Лишь после этого разговора, когда они с Розалиндой на несколько дней улетели в Рим, я понял, что все время обманывал себя. Я совершенно не скучал по Джессике. Я скучал по Элизабет, и только по ней. Я убедил себя, что дело в Джессике, потому что в течение последних трех лет запрещал себе думать об Элизабет. Иначе тоска по ней стала бы совершенно нестерпимой. Просто последнее время мне нечем было заполнить долгие часы одиночества, никто не требовал моего внимания, не напоминал постоянно о том, как я разрушил его жизнь. Наконец у меня появилось время для спокойных размышлений, но все мои мысли крутились вокруг Элизабет.

В тот день Джессика и Розалинда прилетели из Рима. Отец встретил их в аэропорту и повез к Генри, где мы все должны были ужинать. Когда туда приехал я, Розалинда уже ушла – ей сообщили, что ее сына увезли в больницу с приступом аппендицита. Генри рассказал мне, что поначалу Джессика хотела поехать вместе с ней, но потом передумала.

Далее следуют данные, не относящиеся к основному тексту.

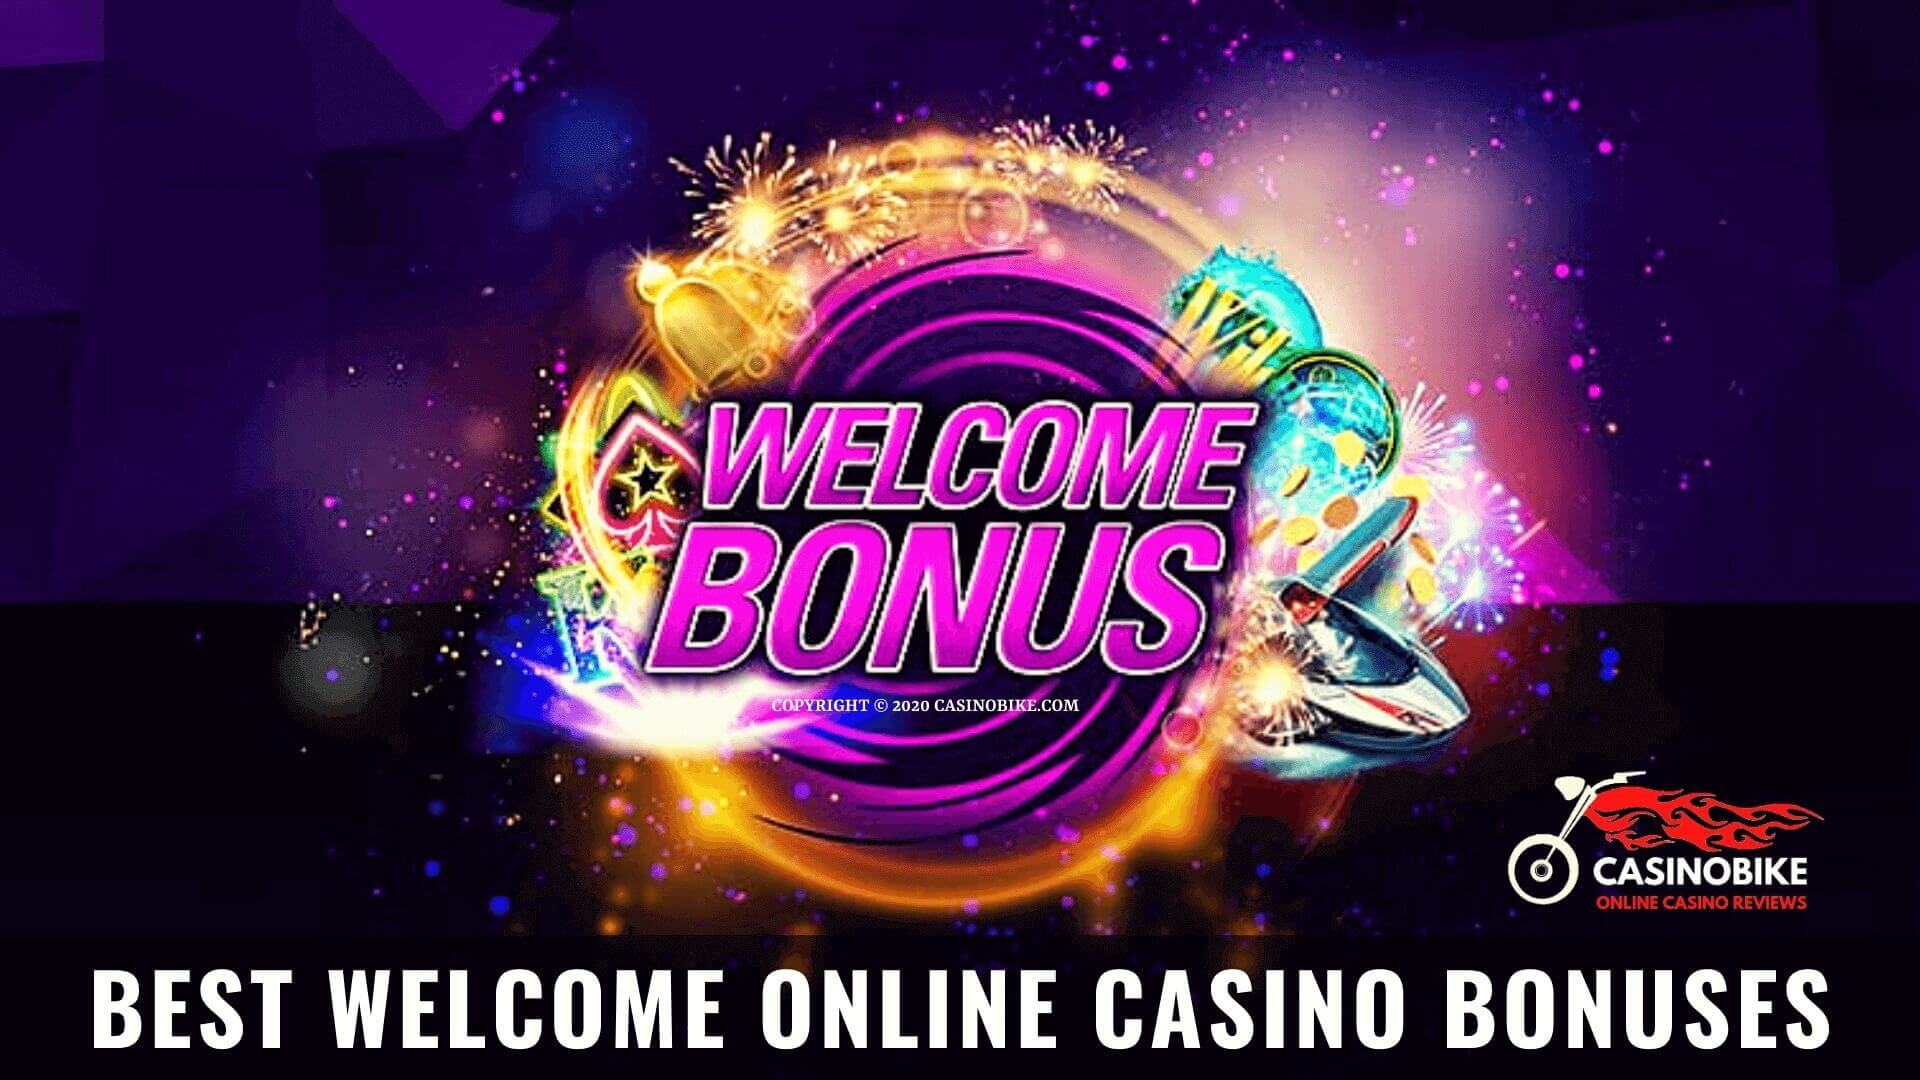 Новые бонусы в онлайн-казино за Август - лучшие предложения для игры
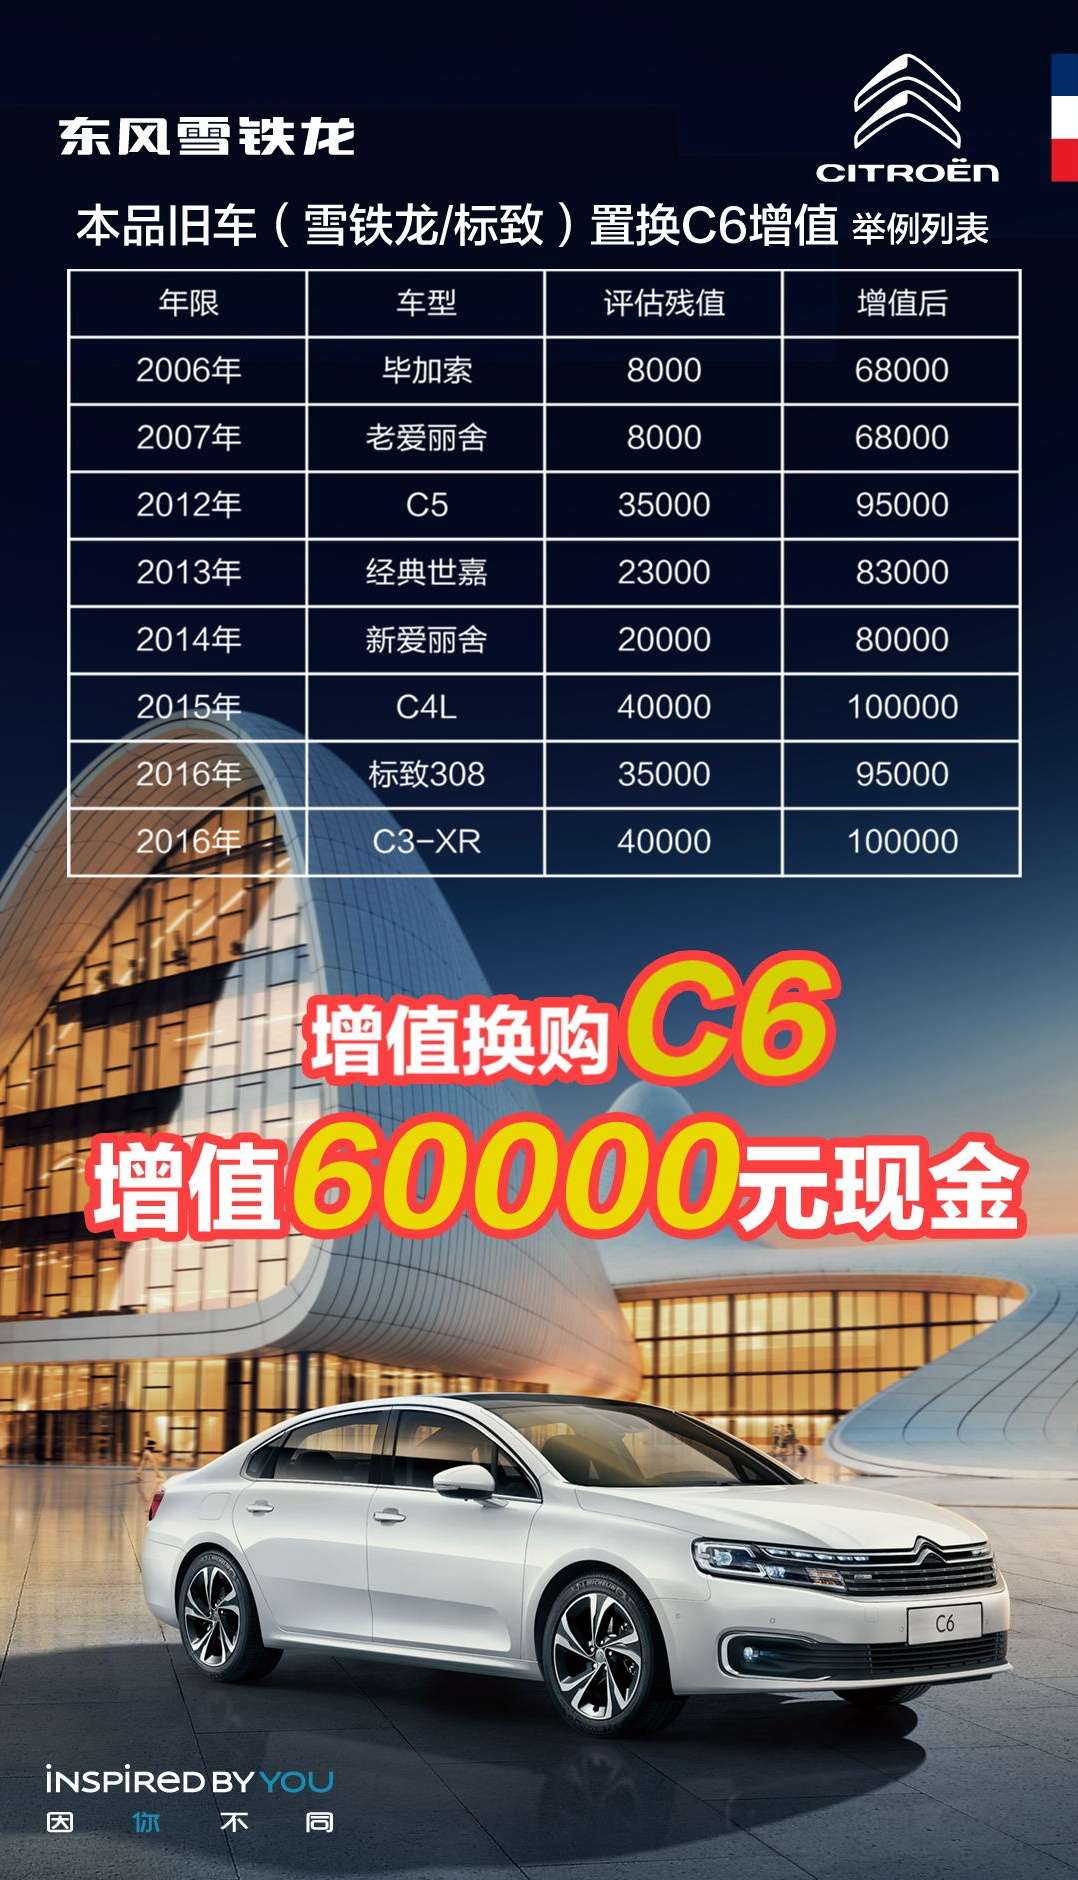 购雪铁龙C6 享至高60000元增值换购

– Кстати, приготовься. Она выглядит просто потрясающе!

– А у тебя небось один секс на уме.

– У меня?!

– А у кого же? Трое детей за три года.

– Двое, – поправила меня Каролина, заходя в комнату. – Третий все никак не соберется появиться на свет. Я бы чертовски хотела, чтобы он собирался побыстрее, мне порядком надоело расхаживать в таком виде. Кстати, не хочешь пожелать спокойной ночи своему крестнику?

Рассказав две обязательные сказки на ночь, я снова спустился вниз, где стол уже был накрыт к ужину. После рождения Сары – второго ребенка – Генри с Каролиной переехали с Итон-сквер в собственный дом в Челси. И мой отец, Джессика и я были там частыми гостями.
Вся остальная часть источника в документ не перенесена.